In this approach, we declare the points of the line and the point co-ordinated by static input method and pass those values as an argument to our user-defined method. Then by using the algorithm inside the method we can find the direction of the point with respect to the line.

## Example

public class Main{
public static void main(String[] args) {
pnt first = new pnt();
pnt second = new pnt();
pnt point = new pnt();
first.x = -20;
first.y = 15;
// first(-20, 15)
second.x = 31;
second.y = -18;
// second(31, -18)
point.x = 32;
point.y = 45;
// point(32, 45)
int dir = dirOfPoint(first, second, point);
if (dir == 1)
System.out.println("The point is on Right Direction of the line.");
else if (dir == -1)
System.out.println("The point is on Left Direction of the line.");
else
System.out.println("Point is somewhere on the Line.");
}
static class pnt{
int x, y;
};
static int R = 1, L = -1, Z = 0;
static int dirOfPoint(pnt first,pnt second, pnt point) {
second.x -= first.x;
second.y -= first.y;
point.x -= first.x;
point.y -= first.y;
int crs_prod = second.x * point.y - second.y * point.x;
if (crs_prod > 0)
return R;
if (crs_prod < 0)
return L;
return Z;
}
}


## Output

The point is on Right Direction of the line.

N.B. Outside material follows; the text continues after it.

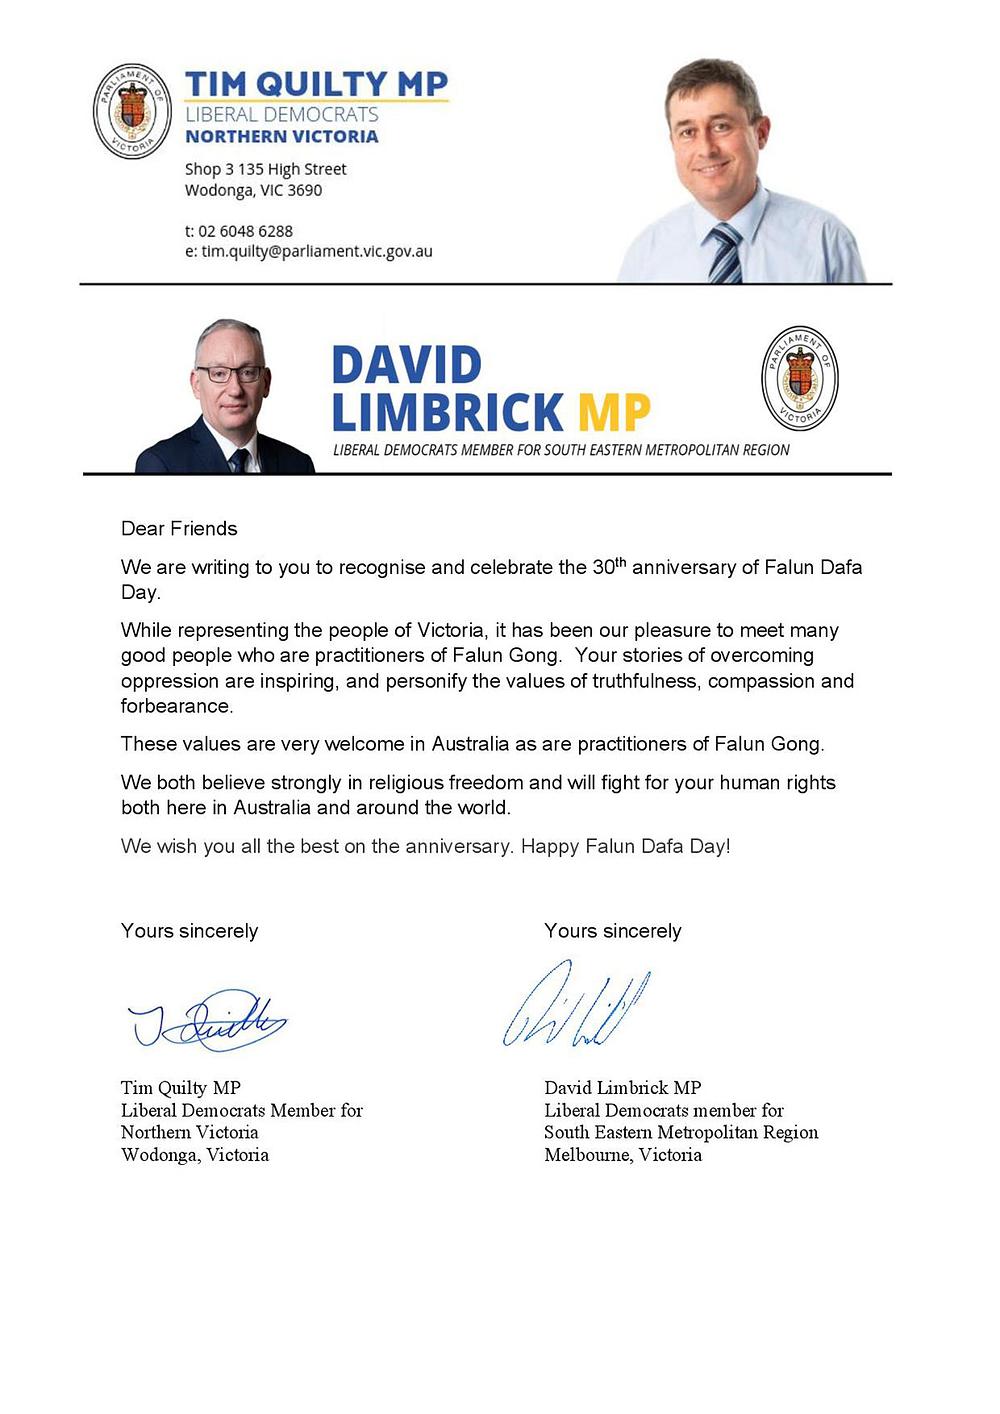 Čestitka koju su zajednički napisali članovi Australskog parlamenta Tim Quilty i David Limbrick.

## Approach-2: By Using User Defined Method with User Input Value

In this approach, we declare the points of the line and the point co-ordinated by user input method and pass those values as an argument to our user-defined method. Then by using the algorithm inside the method we can find the direction of the point with respect to the line.

## Example

import java.util.*;
public class Main{
public static void main(String[] args) {
Scanner sc = new Scanner(System.in);
pnt first = new pnt();
pnt second = new pnt();
pnt point = new pnt();
System.out.println("Enter the coordinates of first point of the line: ");
System.out.println("--------------------------------------------------");
System.out.print("X- value: ");
first.x = sc.nextInt();
System.out.print("Y- value: ");
first.y = sc.nextInt();
System.out.println("Enter the coordinates of second point of the line:");
System.out.println("--------------------------------------------------");
System.out.print("X value: ");
second.x = sc.nextInt();
System.out.print("Y value: ");
second.y = -sc.nextInt();
System.out.println("Enter the coordinates of the point which you want to navigate: ");
System.out.println("--------------------------------------------------");
System.out.print("X value: ");
point.x = sc.nextInt();
System.out.print("Y value: ");
point.y = sc.nextInt();
int dir = dirOfPoint(first, second, point);
if (dir == 1)
System.out.println("The point is on Right Direction of the line.");
else if (dir == -1)
System.out.println("The point is on Left Direction of the line.");
else
System.out.println("Point is somewhere on the Line.");
}
static class pnt{
int x, y;
};
static int R = 1, L = -1, Z = 0;
static int dirOfPoint(pnt first,pnt second, pnt point){
second.x -= first.x;
second.y -= first.y;
point.x -= first.x;
point.y -= first.y;
int crs_prod = second.x * point.y - second.y * point.x;
if (crs_prod > 0)
return R;
if (crs_prod < 0)
return L;
return Z;
}
}


## Output

Enter the coordinates of first point of the line:
---------------------------------------------------
X- value: 10
Y- value: 20
Enter the coordinates of second point of the line:
----------------------------------------------------
X value: -11
Y value: 12
Enter the coordinates of the point which you want to navigate:
----------------------------------------------------------------
X value: 4
Y value: 6
The point is on Right Direction of the line.


In this article, we explored how to check if a point is on the left or right side of a line in Java by using different approaches.